FruitSubDF FruitFullDF
apple apple
cherry cherry
banana banana
peach
plum
By running the following code
df1 = pd.DataFrame(list(product(fruitDF.iloc[0:3,0], fruitDF.iloc[0:5,0])), columns=['fruit1', 'fruit2'])
the output is
Fruit1 Fruit2
0 apple banana
1 apple apple
2 apple cherry
3 apple peach
4 apple plum
5 cherry banana
6 cherry apple
7 cherry cherry
.
.
18 banana banana
19 banana peach
20 banana plum
My problem is I want to remove elements with the same two fruits regardless of which fruit is in which column as below. So I am considering (apple,cherry) and (cherry,apple) as the same but I am unsure of an efficient way instead of iterRows to weed out the unwanted data as most pandas functions I find will remove based on the order.
Fruit1 Fruit2
0 apple banana
1 apple cherry
2 apple apple
3 apple peach
4 apple plum
5 cherry banana
6 cherry cherry
.
.
15 banana plum
First, I created a piece of code to replicate your DataFrame. I took my code here :stack overflow
import pandas as pd
Fruit1=['apple', 'cherry', 'banana']
Fruit2=['banana', 'apple', 'cherry']
index = pd.MultiIndex.from_product([Fruit1, Fruit2], names = ["Fruit1", "Fruit2"])

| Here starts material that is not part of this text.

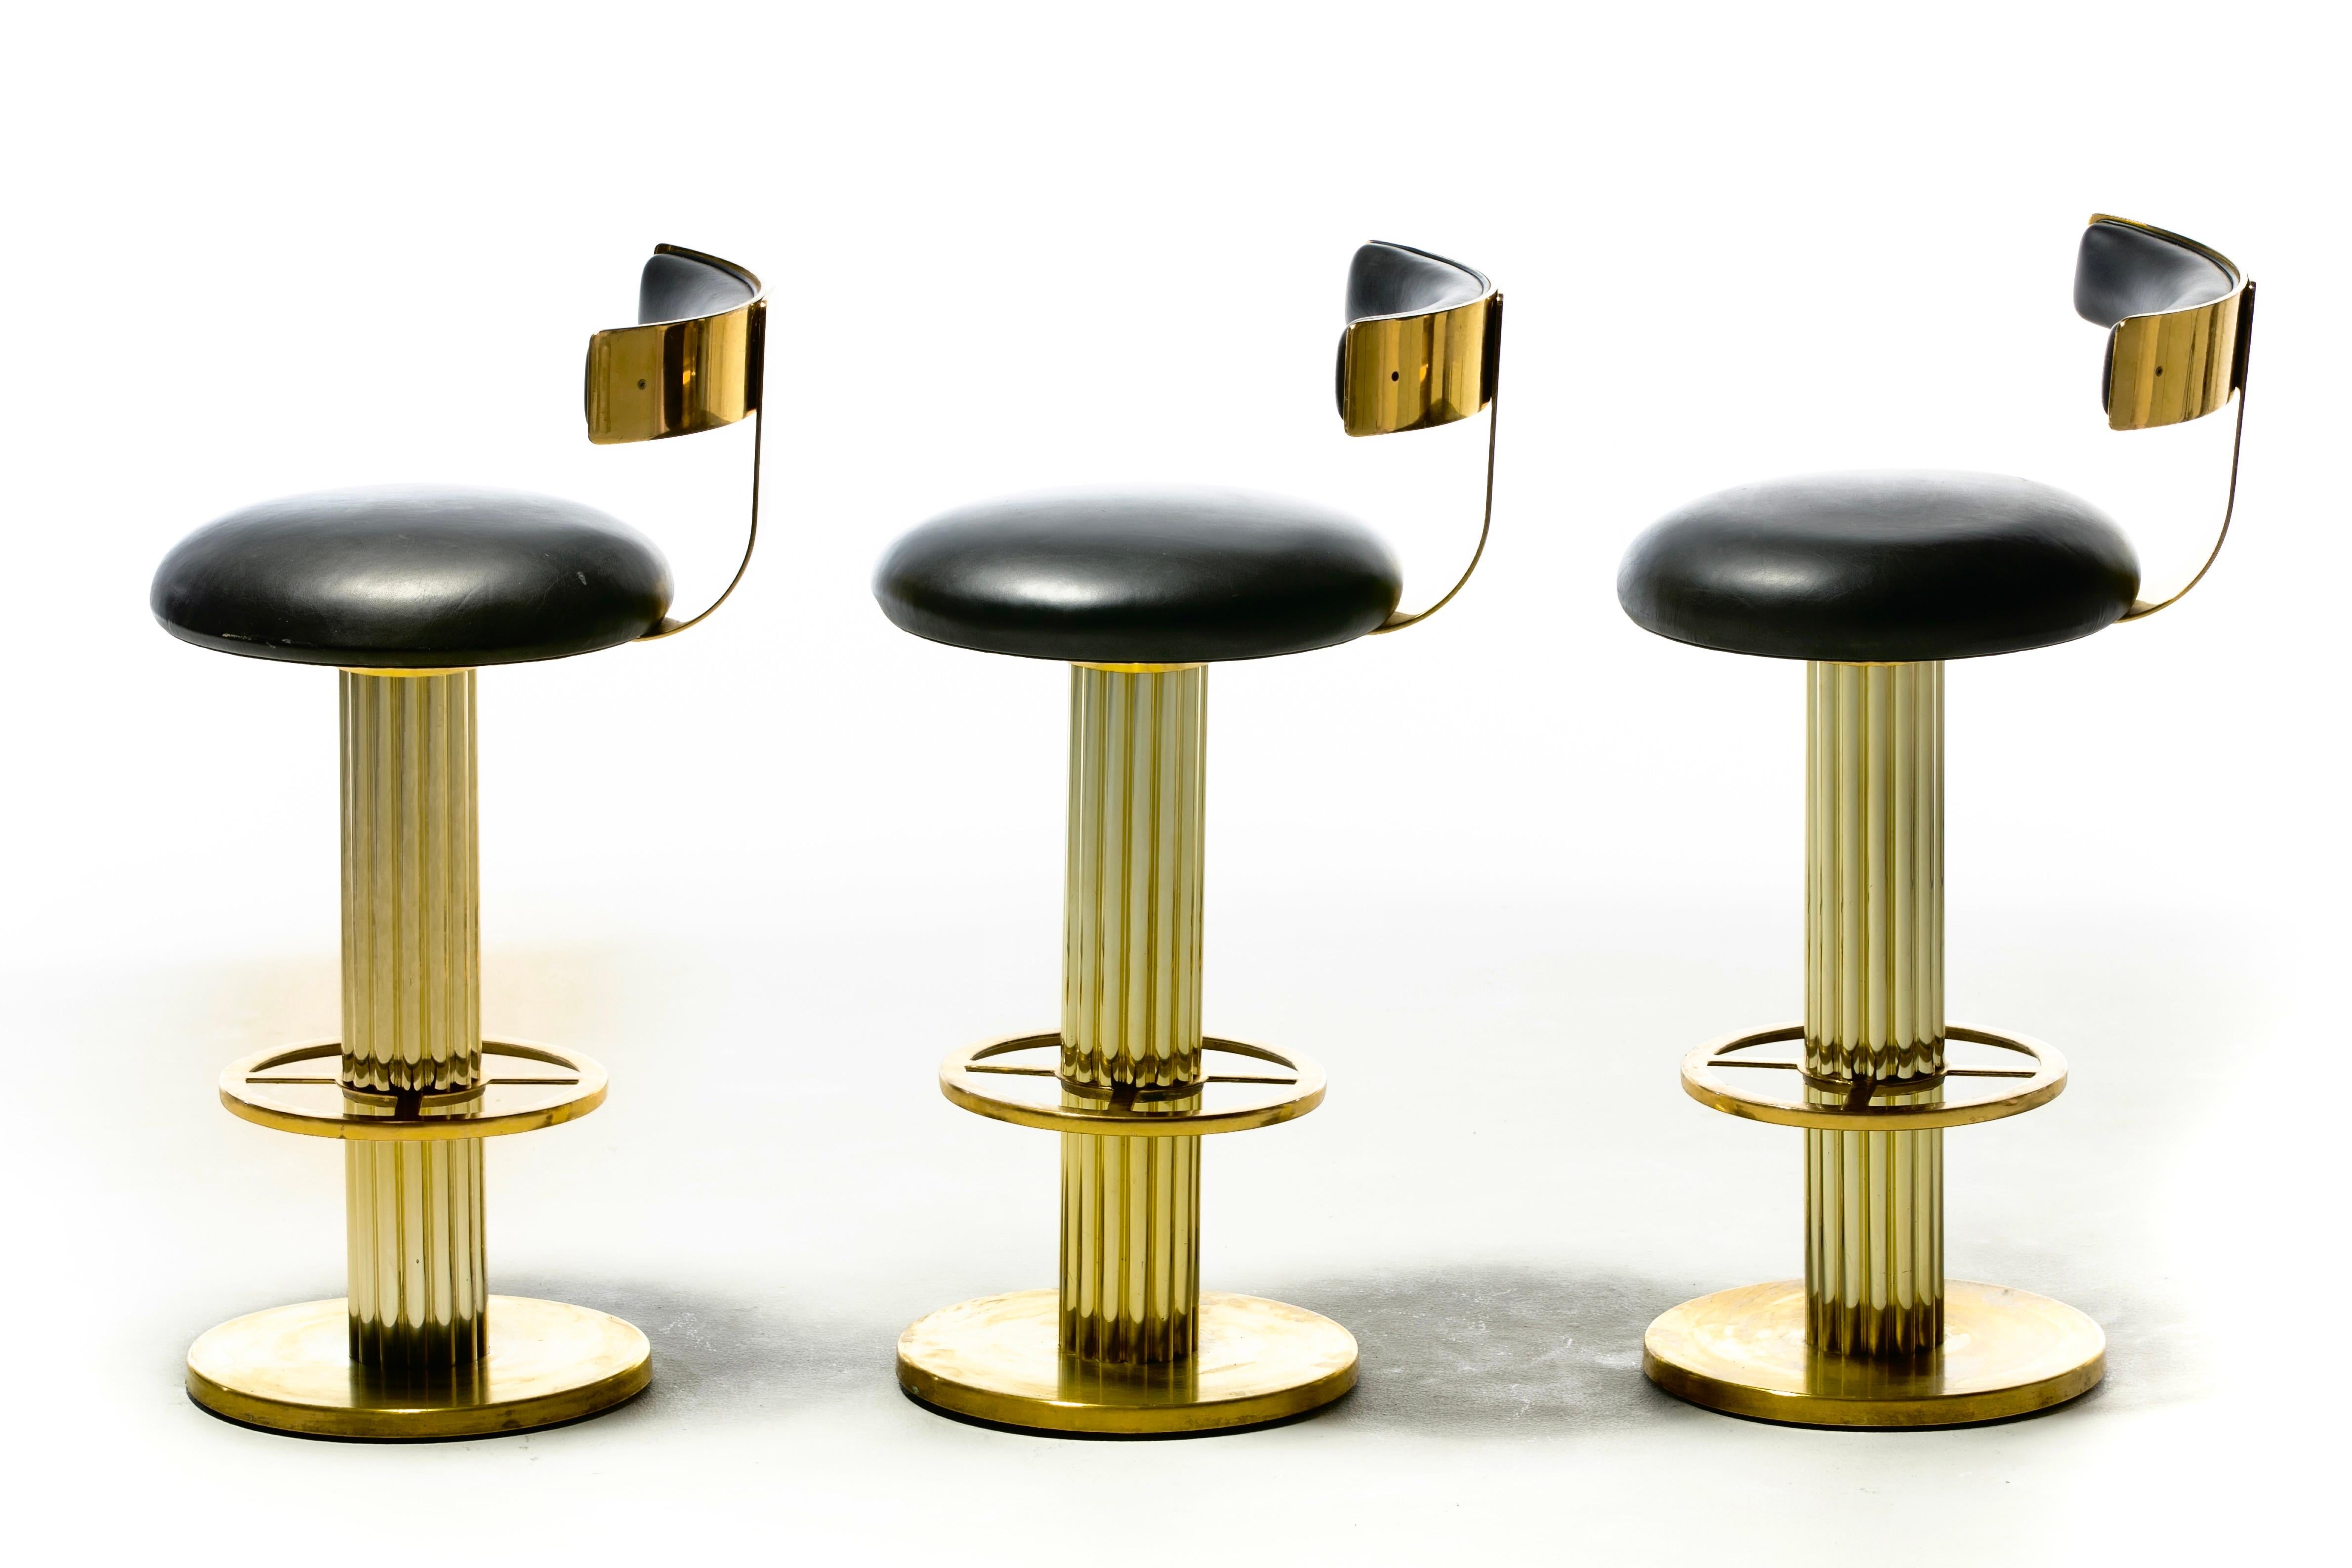 If you're in the market for the Rolls-Royce of Bar Stools, this high quality set of Post Modern Art Deco Revival Design for Leisure Bar Stools are it. Commonly found in yachts and only the most luxurious residences all over the world, Design for

df = pd.DataFrame(index = index).reset_index()
Then, you can use the lexicographial order to filter the dataframe.
df[df['Fruit1']<=df['Fruit2']]
I have the result you wanted to obtain.
EDIT : you edited your post but it seems to still do the job.
You can use itertools to achieve it -
import itertools
fruits = ['banana', 'cherry', 'apple']
pd.DataFrame((itertools.permutations(fruits, 2)), columns=['fruit1', 'fruit2'])